Remaining useful life (RUL) prediction plays a crucial role in bearing health management which can guarantee the rotating machinery systems’ safety and reliability. This paper promotes the capability of bearing health management by proposing a novel data-driven prognostic approach. The proposed methodology reveals the underlying deterioration progression by constructing a new health indicator (HI) that fuses distribution-similarity-based multi-scale features. More specifically, a graph named WDgram, to represent the distribution similarity between the analyzed signal and healthy reference at different frequency scales, is developed first using the 1/3-binary tree structure and Wasserstein distance (WD). Then the high-dimensional multi-scale features are fused by the multiobjective grasshopper optimization algorithm (MOGOA) to optimize the HI's monotonicity, robustness, and tenability. By taking advantage of the WDgram and MOGOA, the novel HI is able to thoroughly reveal the underlying degradation characteristics and alleviate random fluctuations which frequently decrease the accuracy of RUL estimation.
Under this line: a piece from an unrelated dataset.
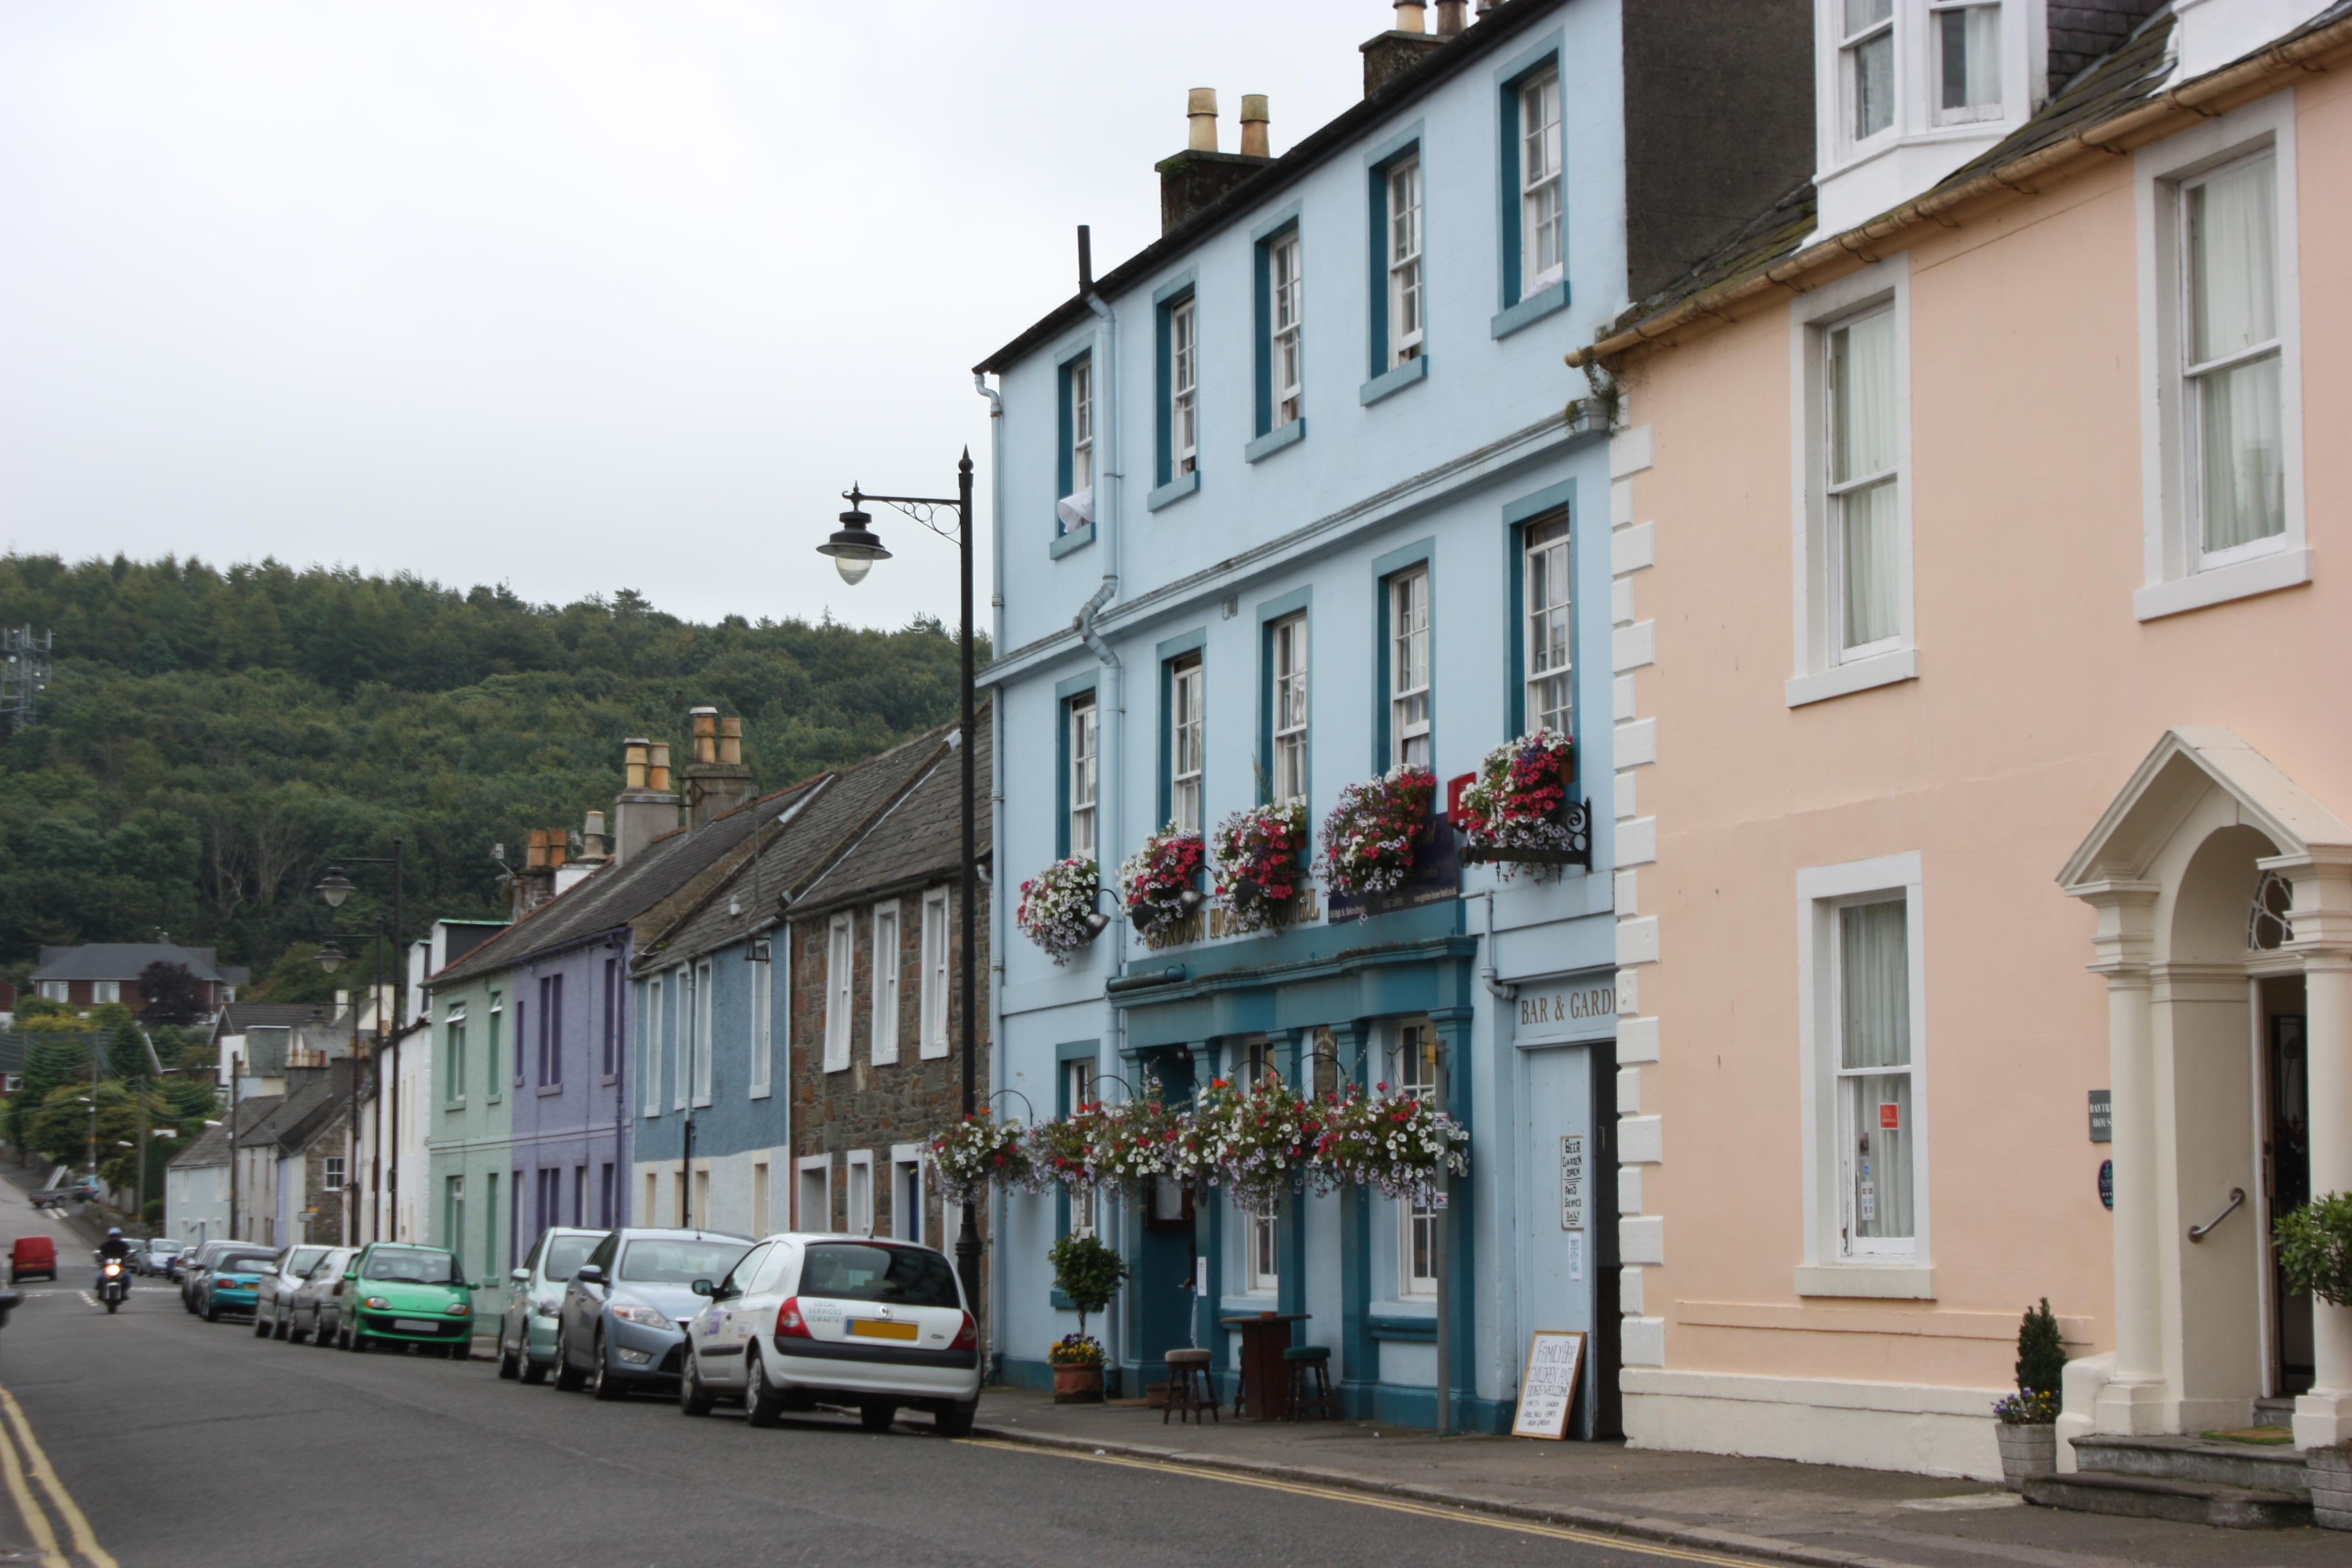 """Résultat de recherche d'images pour """"Kirkcudbright scotland"""""""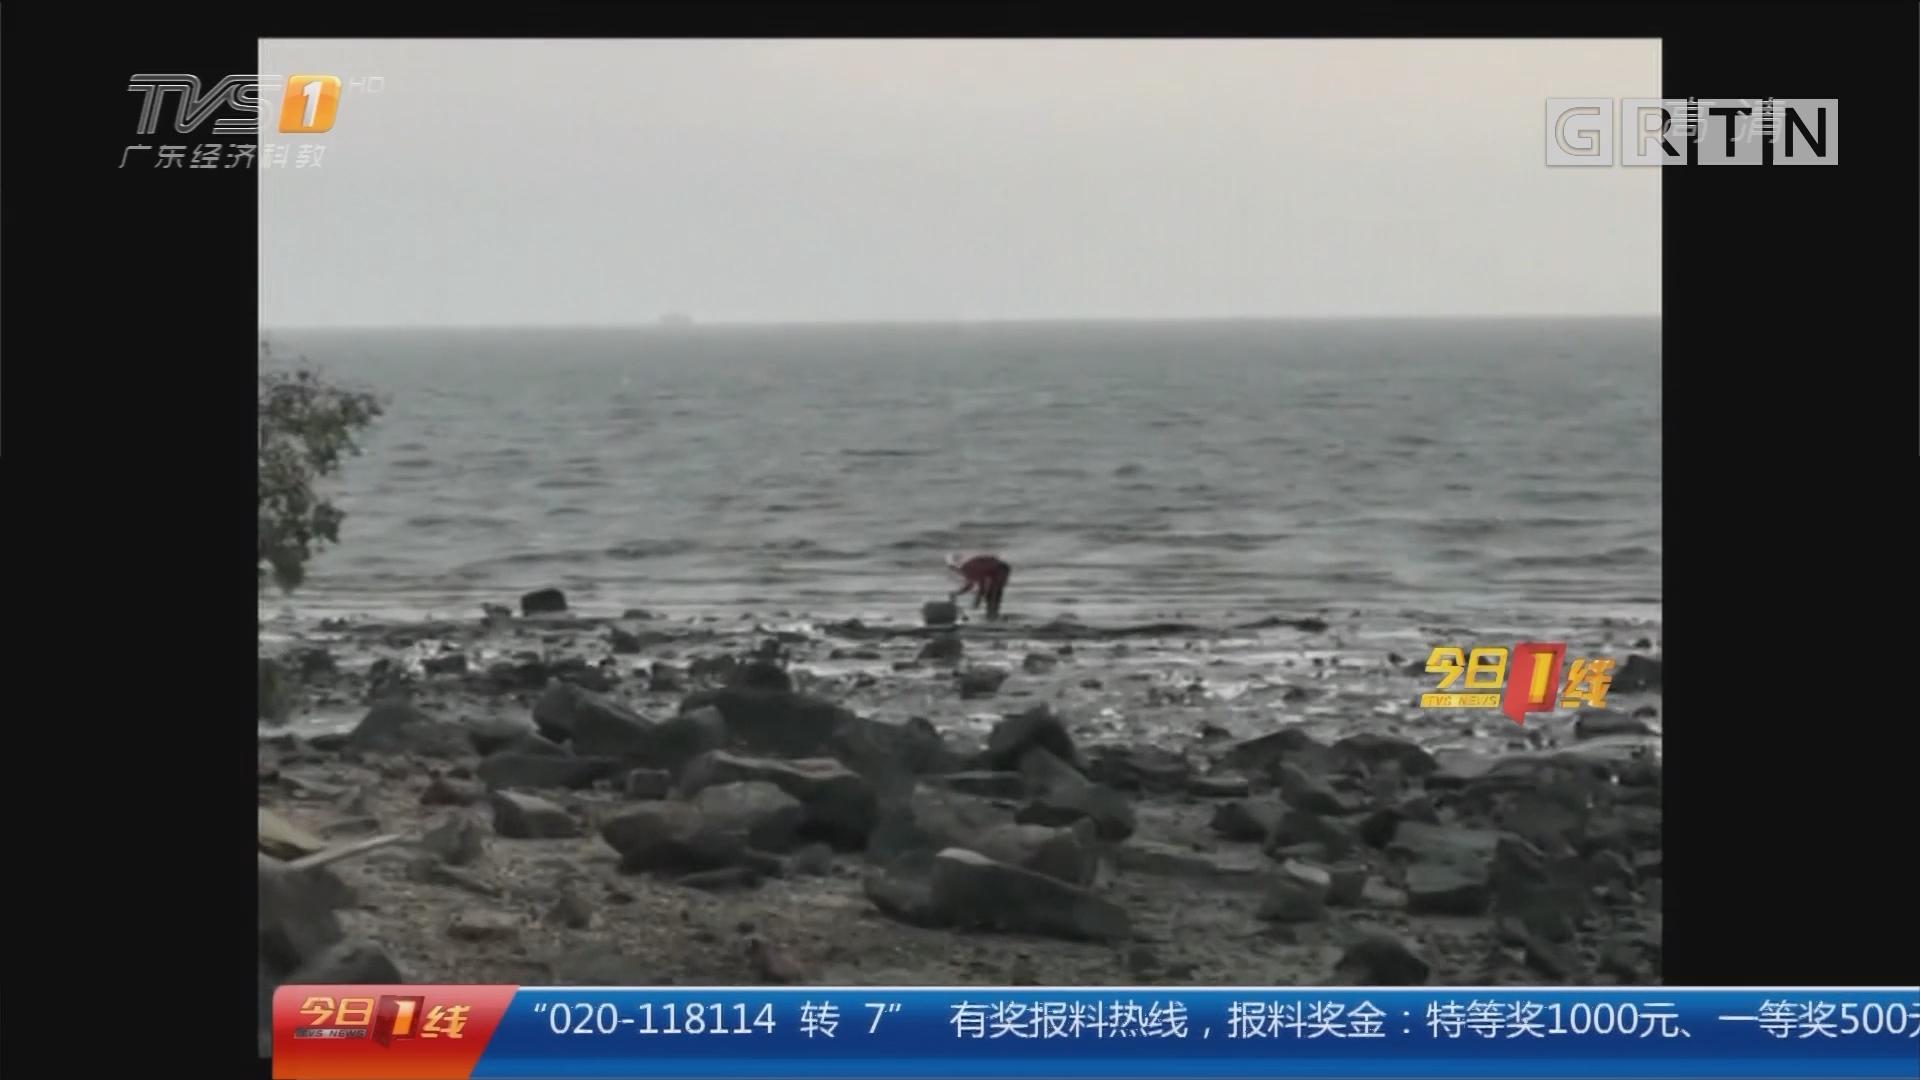 """深圳湾:海边再现偷捕""""游击队"""" 加强巡逻查处"""

Subsequently, a gated recurrent unit network, incorporated with the grasshopper optimization algorithm (GOA) to adaptively determine some hyperparameters, is established with high predictive accuracy and generalizability. Experimental validation is conducted to prove the effectiveness of the proposed method. High accuracy and generalizability can be obtained by the proposed method, demonstrating its substantial advantages in health management for rotating machinery systems.